Instructions to follow
Reproduce verbatim all of the data given below, but do not carry over the images.
START Supplied information
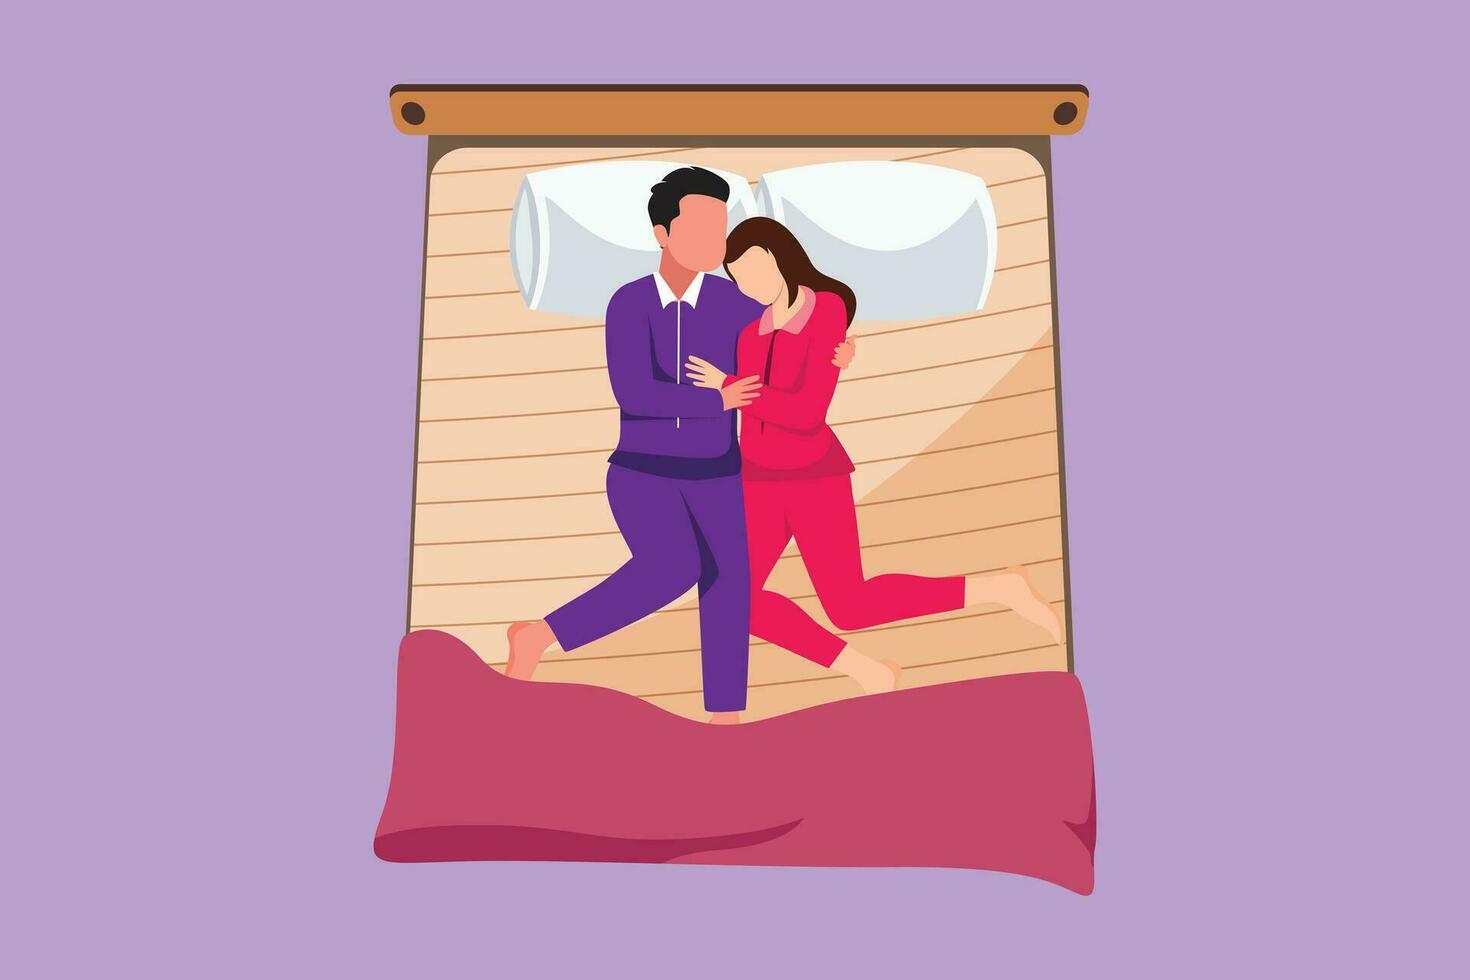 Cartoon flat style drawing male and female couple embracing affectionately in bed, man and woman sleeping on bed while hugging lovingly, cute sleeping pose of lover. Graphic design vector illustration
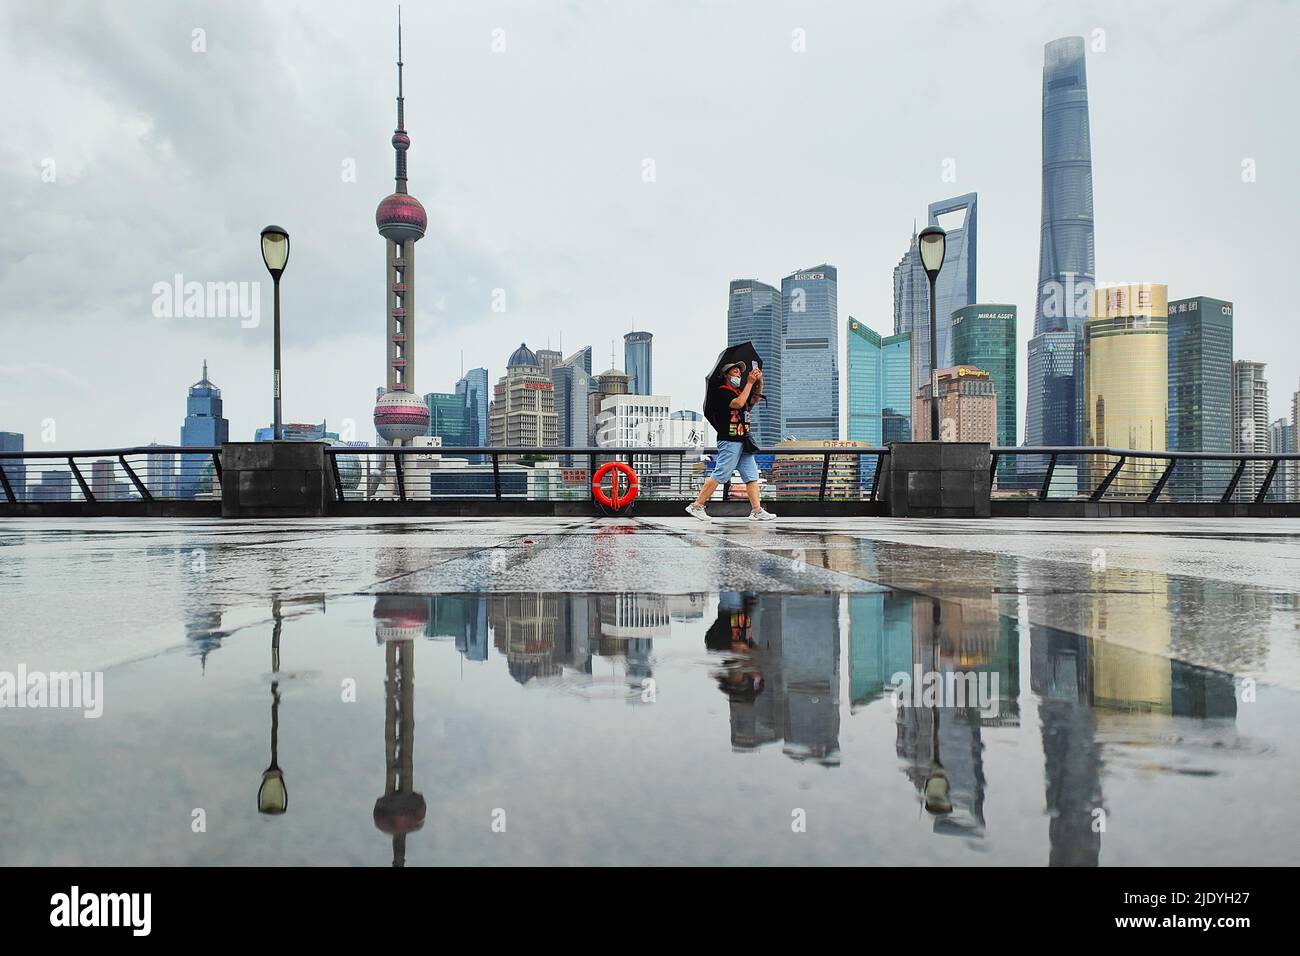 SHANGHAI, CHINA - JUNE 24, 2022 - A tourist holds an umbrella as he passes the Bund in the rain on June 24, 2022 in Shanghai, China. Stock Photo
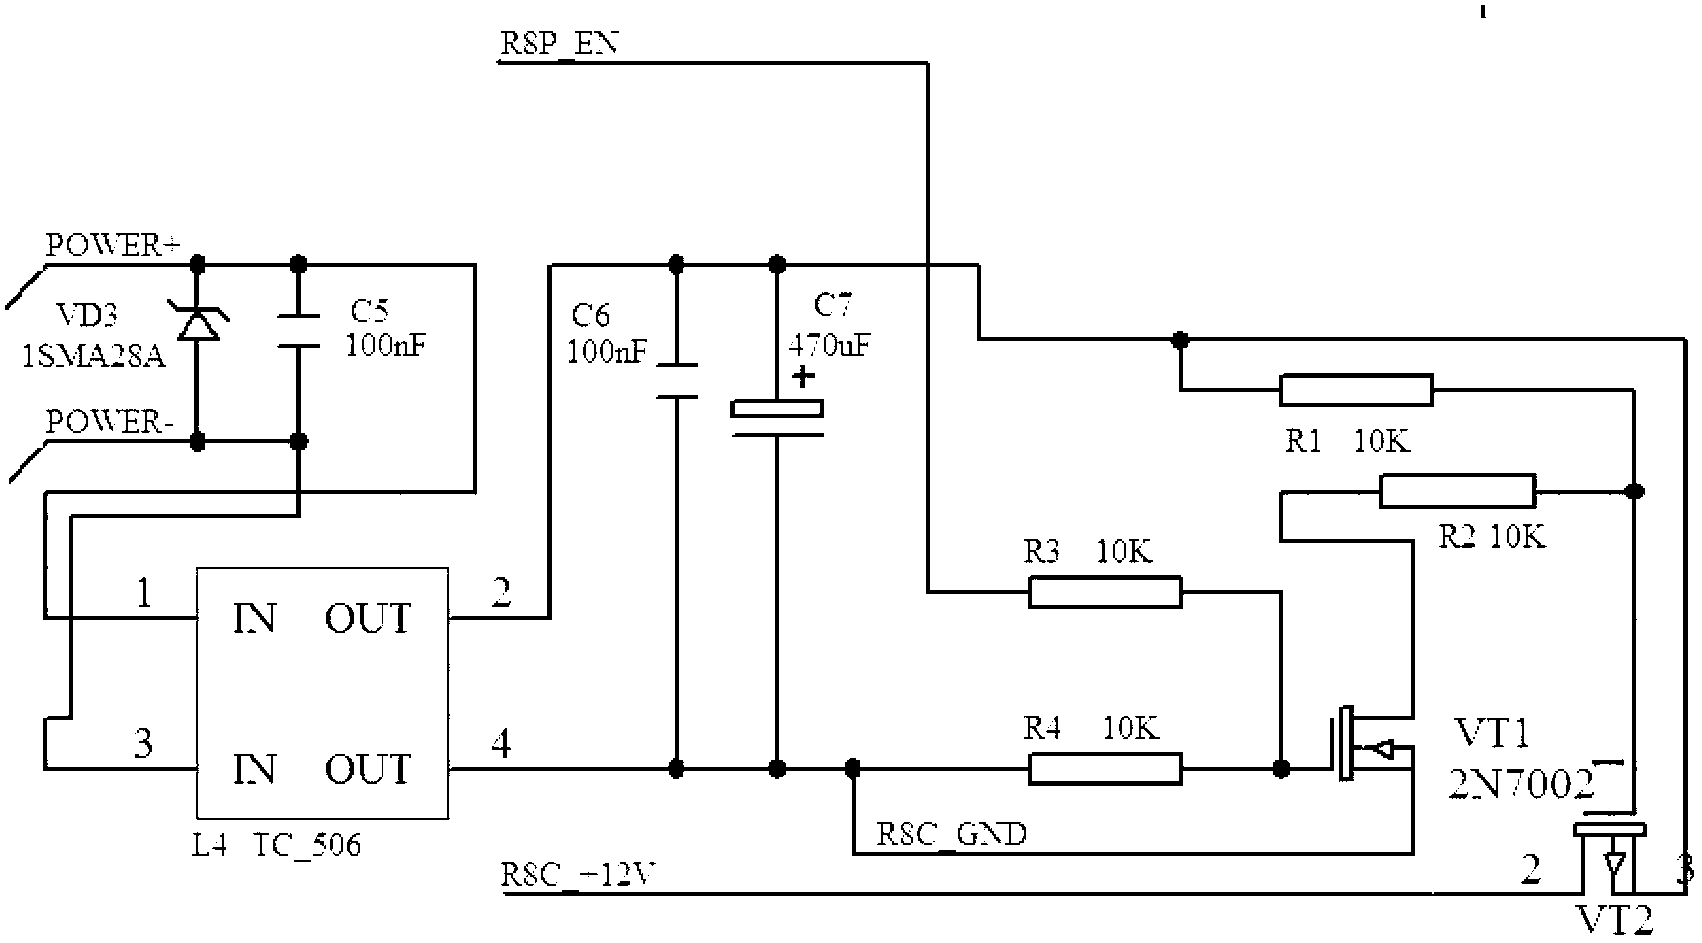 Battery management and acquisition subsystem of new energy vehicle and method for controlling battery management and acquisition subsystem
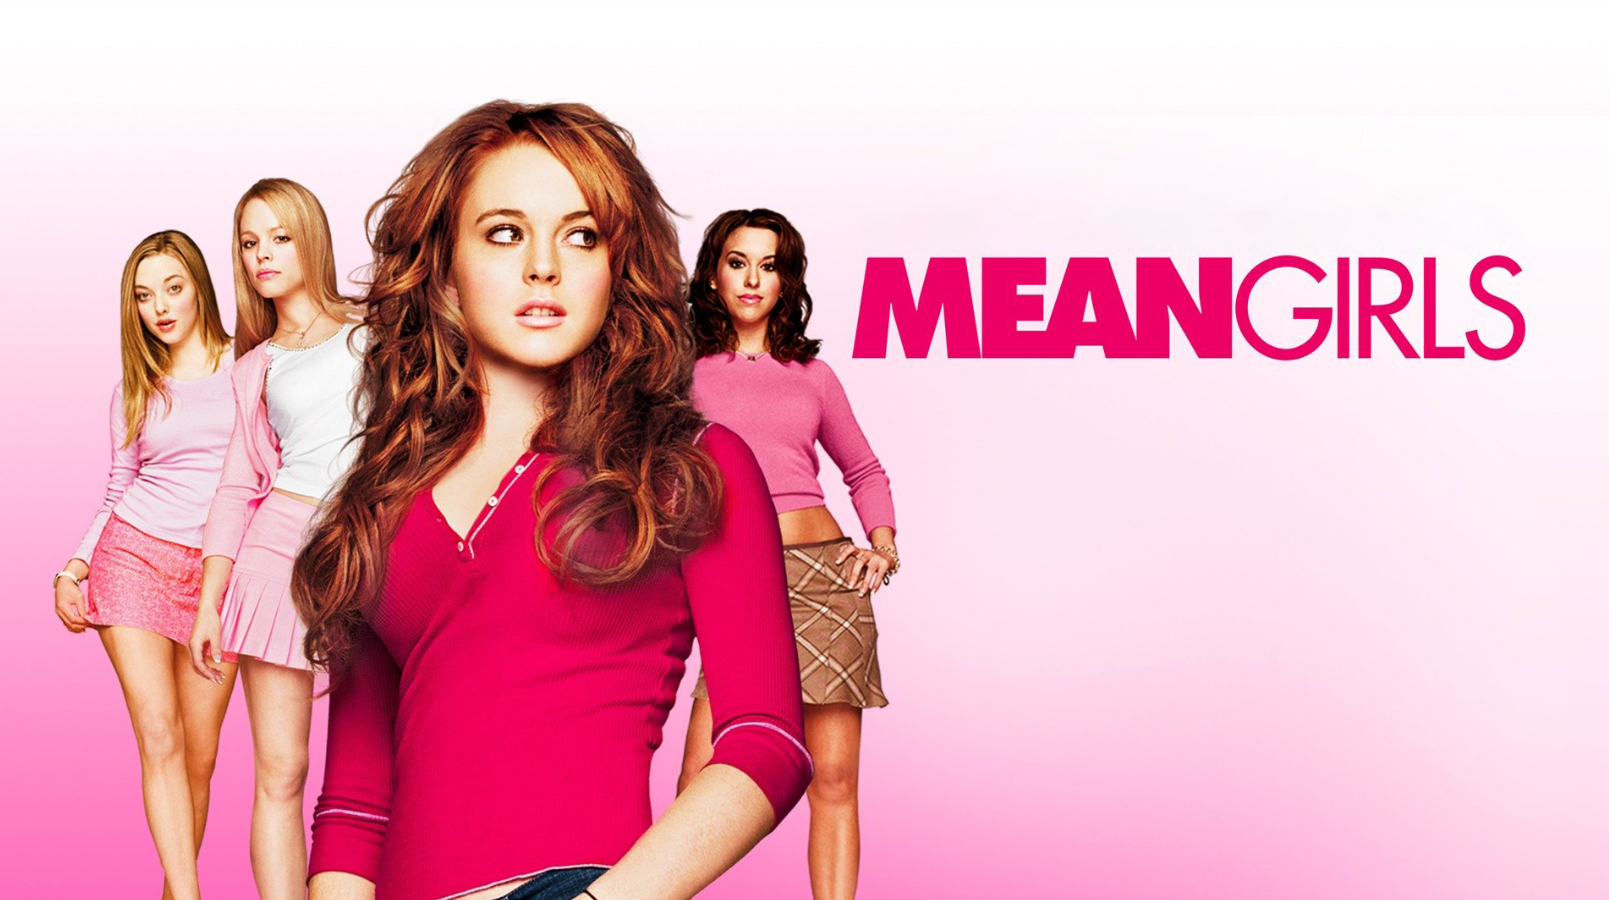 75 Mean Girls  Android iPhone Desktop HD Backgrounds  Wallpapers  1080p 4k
END Supplied information
Written response
 Cartoon flat style drawing male and female couple embracing affectionately in bed, man and woman sleeping on bed while hugging lovingly, cute sleeping pose of lover. Graphic design vector illustration
 SHANGHAI, CHINA - JUNE 24, 2022 - A tourist holds an umbrella as he passes the Bund in the rain on June 24, 2022 in Shanghai, China. Stock Photo
 Battery management and acquisition subsystem of new energy vehicle and method for controlling battery management and acquisition subsystem
 75 Mean Girls  Android iPhone Desktop HD Backgrounds  Wallpapers  1080p 4k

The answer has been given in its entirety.